Exactly, by reference! The base "Hamiltonian" class contains a number of pointers to the matrices (for Hamiltonians) and arrays of pointers to matrices (for derivatives). The only thing we need to do is to connect (bind) these pointers with the actual objects (external matrices). This is done with the range of "bind_*" functions, as in the above snippet. This way we don't need to manage memory inside of the "Hamiltonian_Extern" objects, and also account for any changes made to these matrices in the Python script.

In the above example, we use the adiabatic representation together with the adiabatic_opt = 1, which means we do not need diabatic Hamiltonians at all. Therefore, we only create the matrix to store adiabatic Hamiltonian - "ham_adi" and the list of matrices - "d1ham_adi" containing the derivatives of the adiabatic Hamiltonian w.r.t. all (1 in this case) nuclear degrees of freedom. We bind the two objects (of types MATRIX and MATRIXList) to the internal pointers using the "bind_ham_adi" and "bind_d1ham_adi" functions, respectively.

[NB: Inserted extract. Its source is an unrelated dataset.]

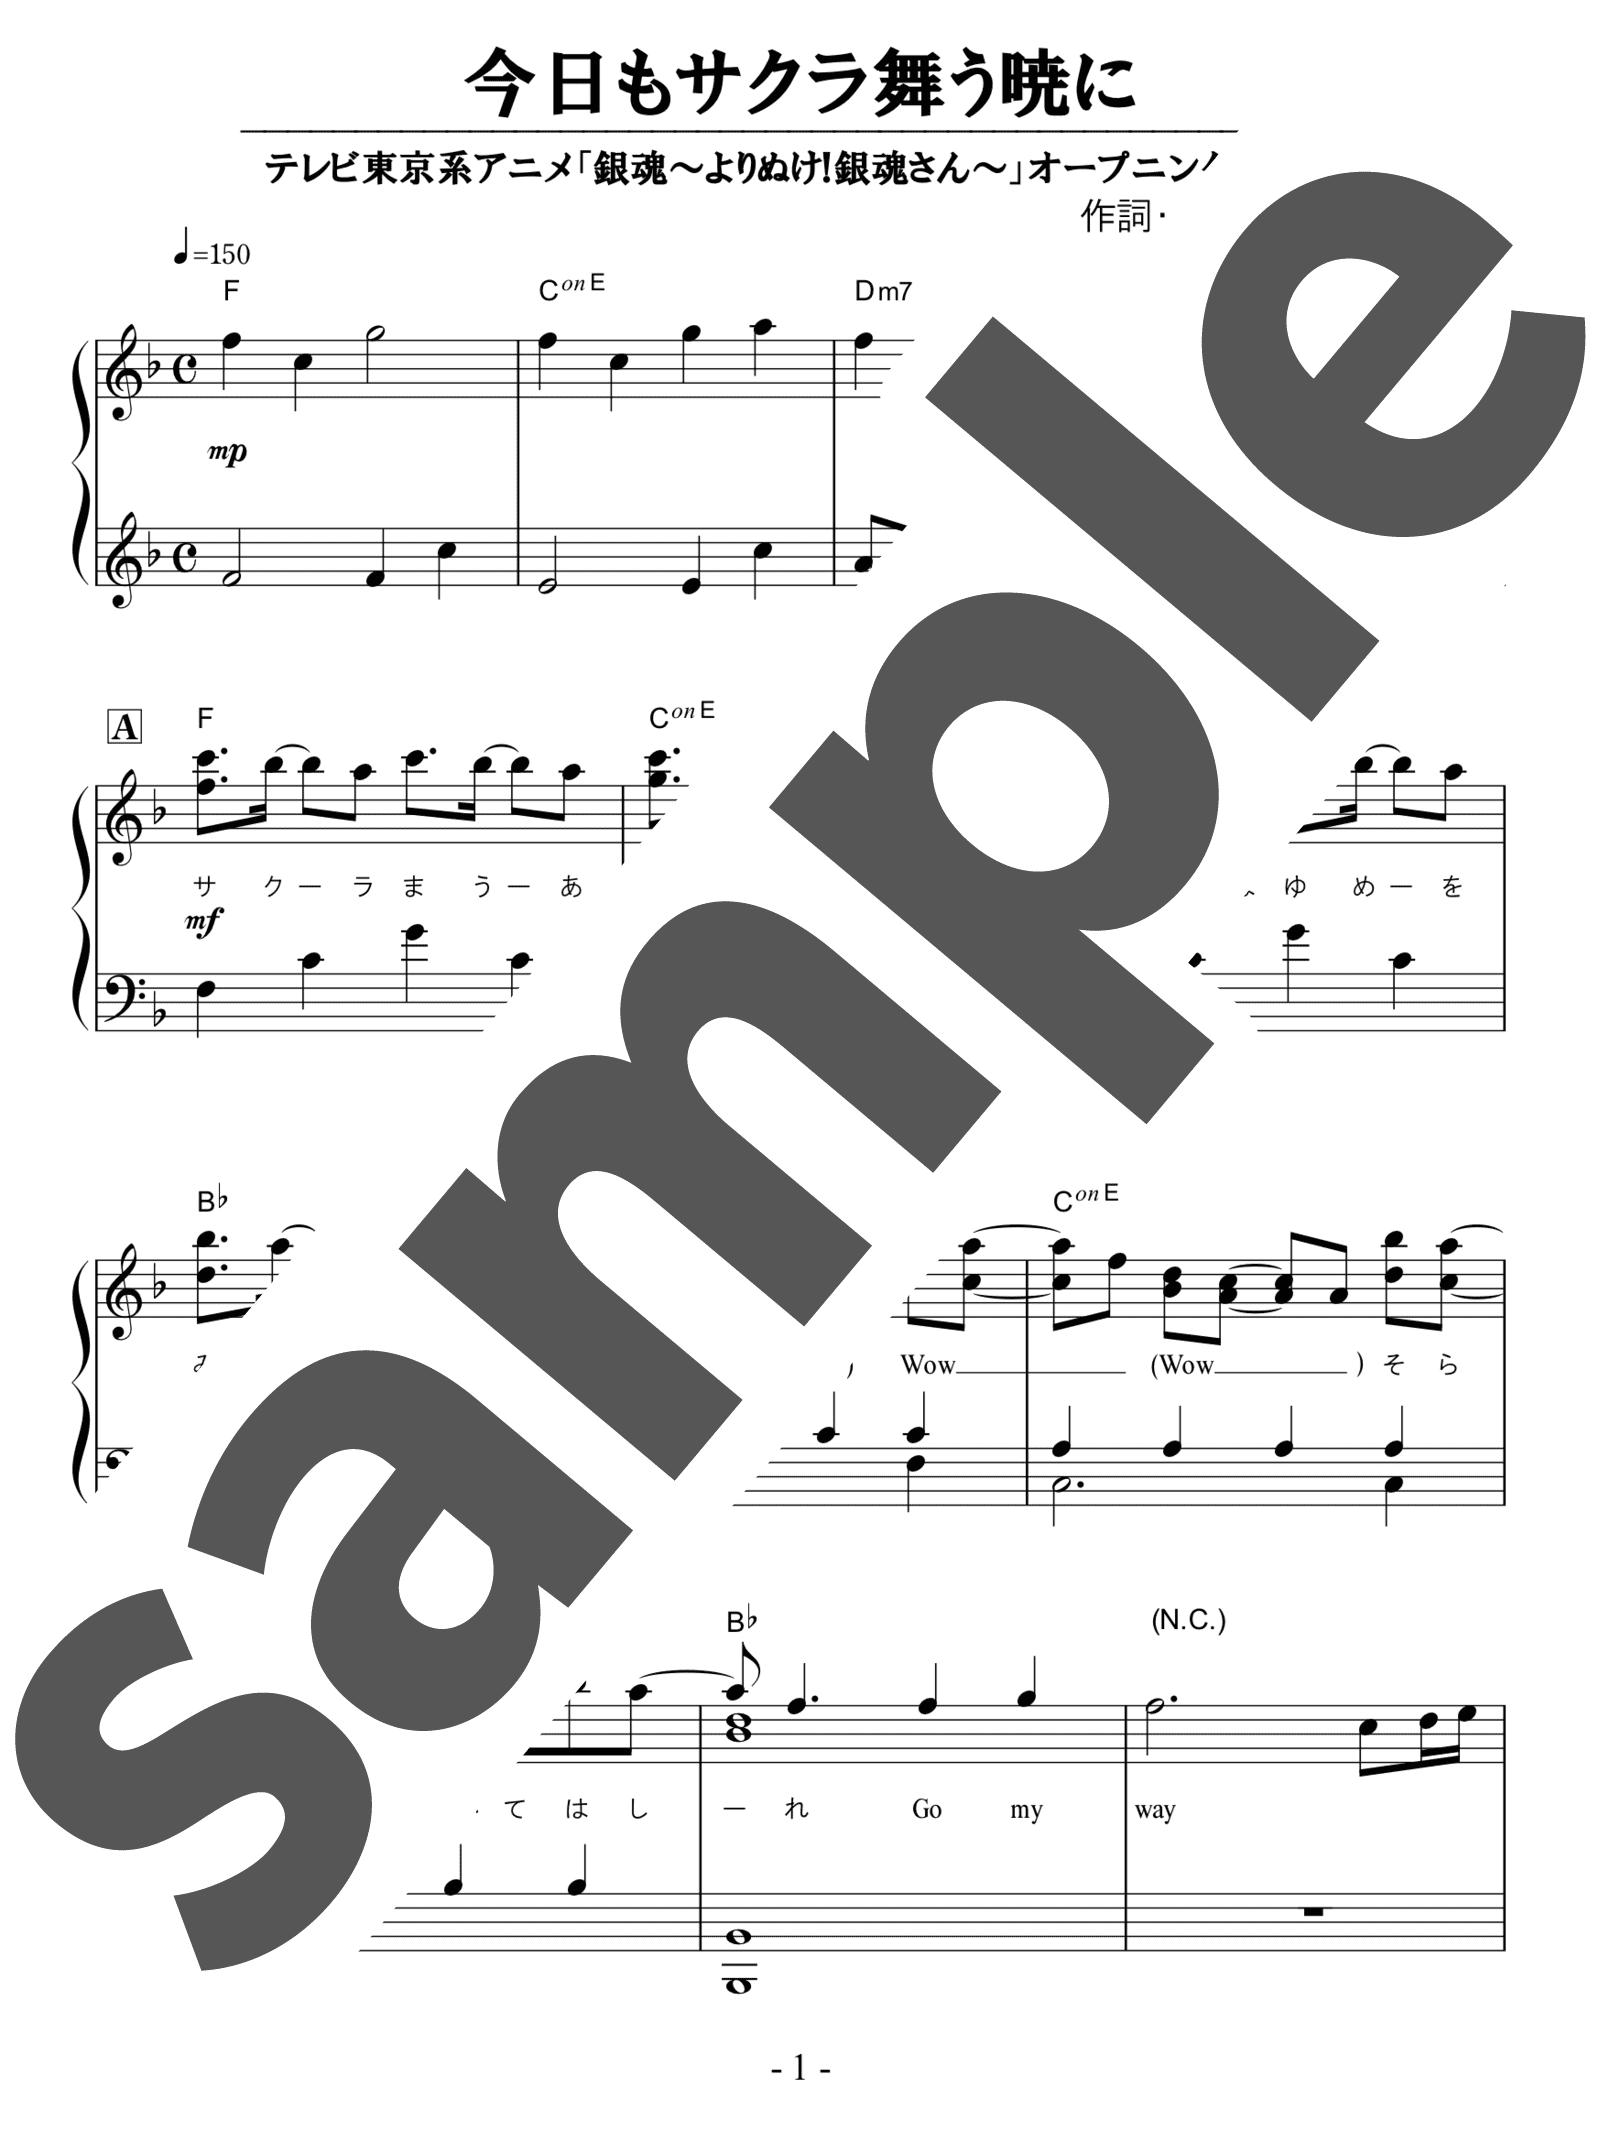 「今日もサクラ舞う暁に」のサンプル楽譜

Now, as we solve the equations of motion, we need to update the matrices "ham_adi" and "d1ham_adi". In the present example, we actually use a "normal" model Hamiltonian object to recompute adiabatic Hamiltonian and its derivatives as the functions of nuclear coordinate.

# Update matrices
ham.set_v([ mol.p[0]/mol.mass[0] ])
ham.set_q([ mol.q[0] ])
ham.compute()
		

We next use the updated model Hamiltonian to change the "ham_adi" and "d1ham_adi" matrices:

for i in [0,1]:
    for j in [0,1]:
        ham_adi.set(i,j, ham.H(i,j).real)
        d1ham_adi[0].set(i,j, ham.dHdq(i,j,0).real)
		

Note, we don't do any manipulations with the "ham_ext" object. Yet, we use this object is all integration and computational procedures:

el.propagate_electronic(0.5*dt, ham_ex)
...
epot = compute_potential_energy(mol, el, ham_ex, 0)  # 0 - MF forces
compute_forces(mol, el, ham_ex, 0)
		

Eventually, you can see that the results obtained with this script coinside with the results obtained in the "normal" Ehrenfest example.